On Mon, Jan 25, 2021 at 1:35 PM Mike Rapoport rppt@kernel.org wrote:
On Mon, Jan 25, 2021 at 09:18:04AM -0800, Shakeel Butt wrote:
On Mon, Jan 25, 2021 at 8:20 AM Matthew Wilcox willy@infradead.org wrote:
On Thu, Jan 21, 2021 at 02:27:20PM +0200, Mike Rapoport wrote:
From: Mike Rapoport rppt@linux.ibm.com
Account memory consumed by secretmem to memcg. The accounting is updated when the memory is actually allocated and freed.
I though about doing per-page accounting, but then one would be able to create a lot of secretmem file descriptors, use only a page from each while actual memory consumption will be way higher.
I think this is wrong. It fails to account subsequent allocators from the same PMD. If you want to track like this, you need separate pools per memcg.

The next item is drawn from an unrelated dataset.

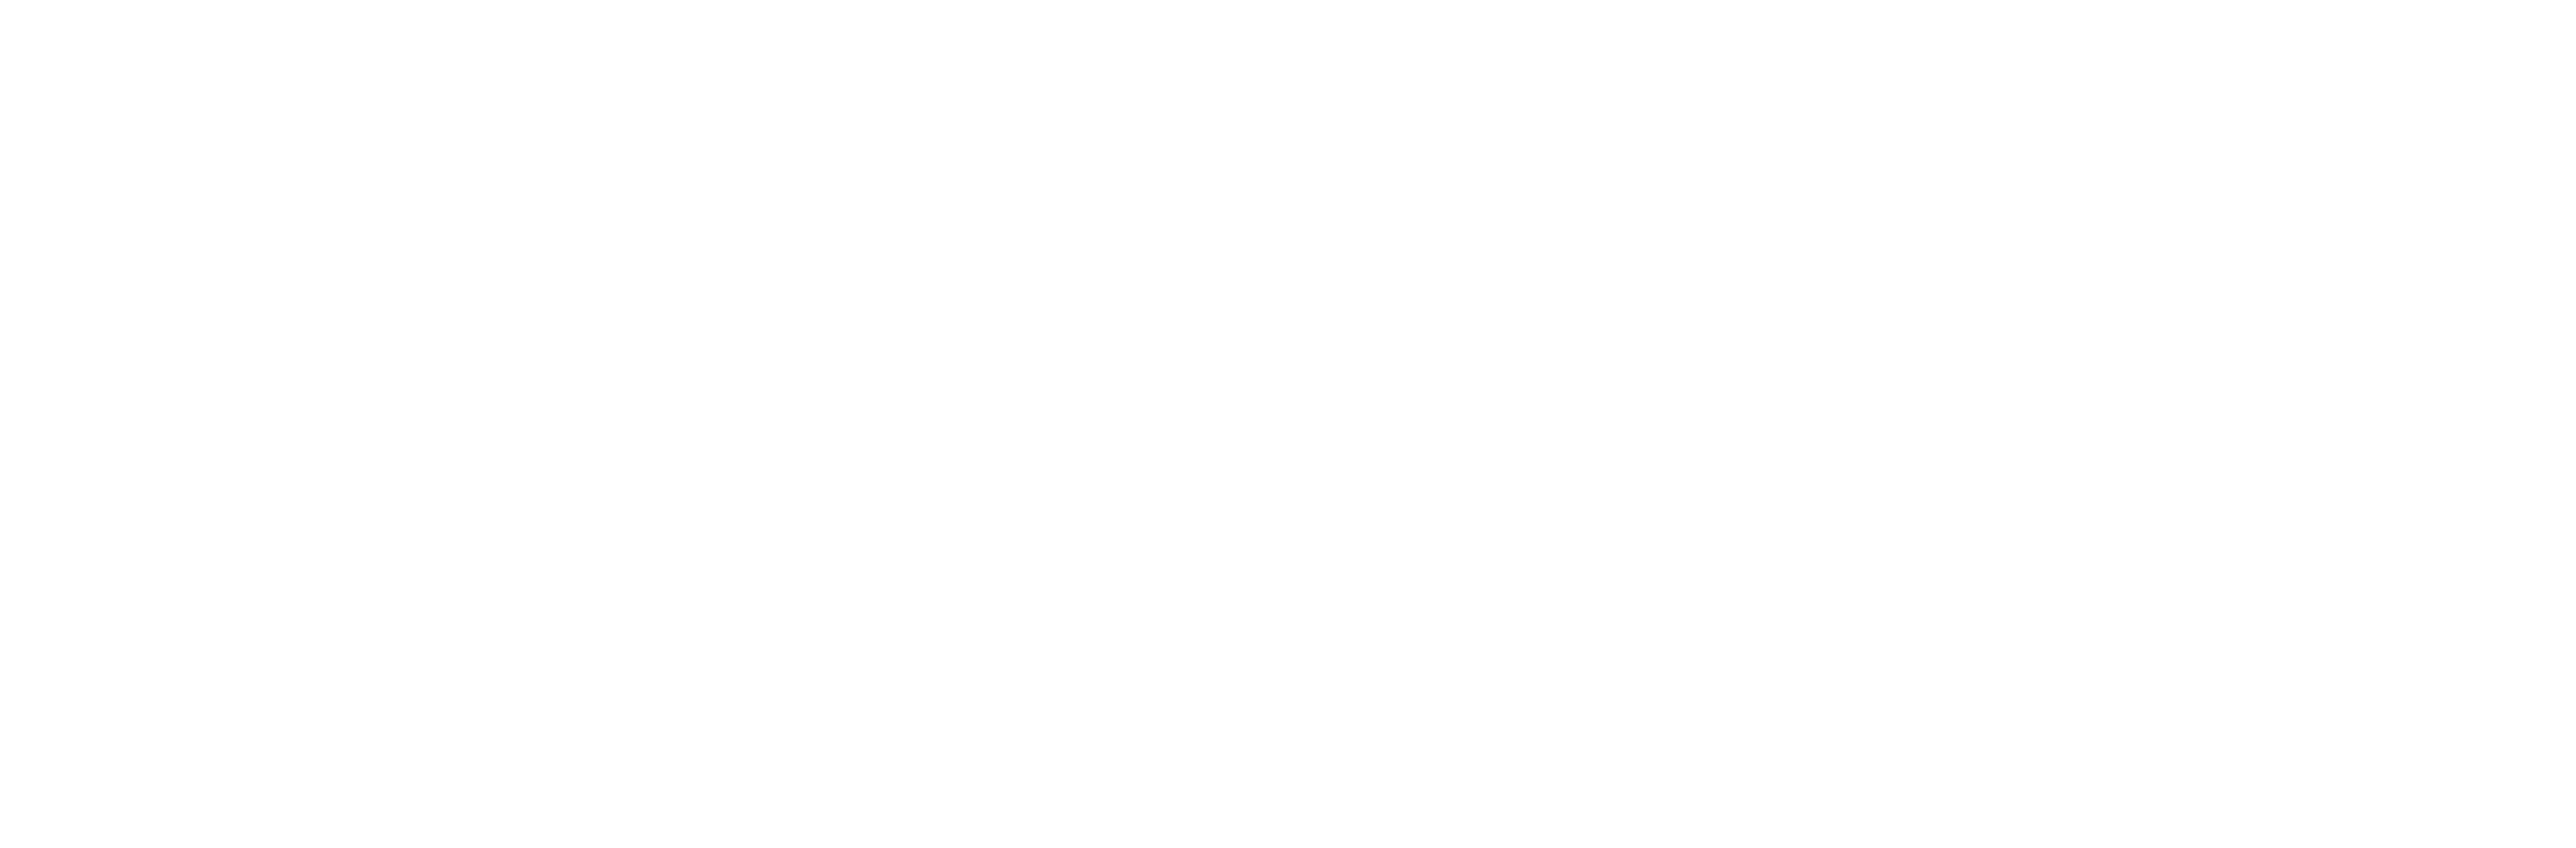 Google White Logo

Are these secretmem pools shared between different jobs/memcgs?
A secretmem pool is per anonymous file descriptor and this file descriptor can be shared only explicitly between several processes. So, the secretmem pool should not be shared between different jobs/memcg. Of course, it's possible to spread threads of a process across different memcgs, but in that case the accounting will be similar to what's happening today with sl*b.
I don't think memcg accounting for sl*b works like that.
The first thread to cause kmalloc() will be charged for the allocation of the entire slab and subsequent allocations from that slab will not be accounted.
The latest kernel does object level memcg accounting. So, each allocation from these threads will correctly charge their own memcgs.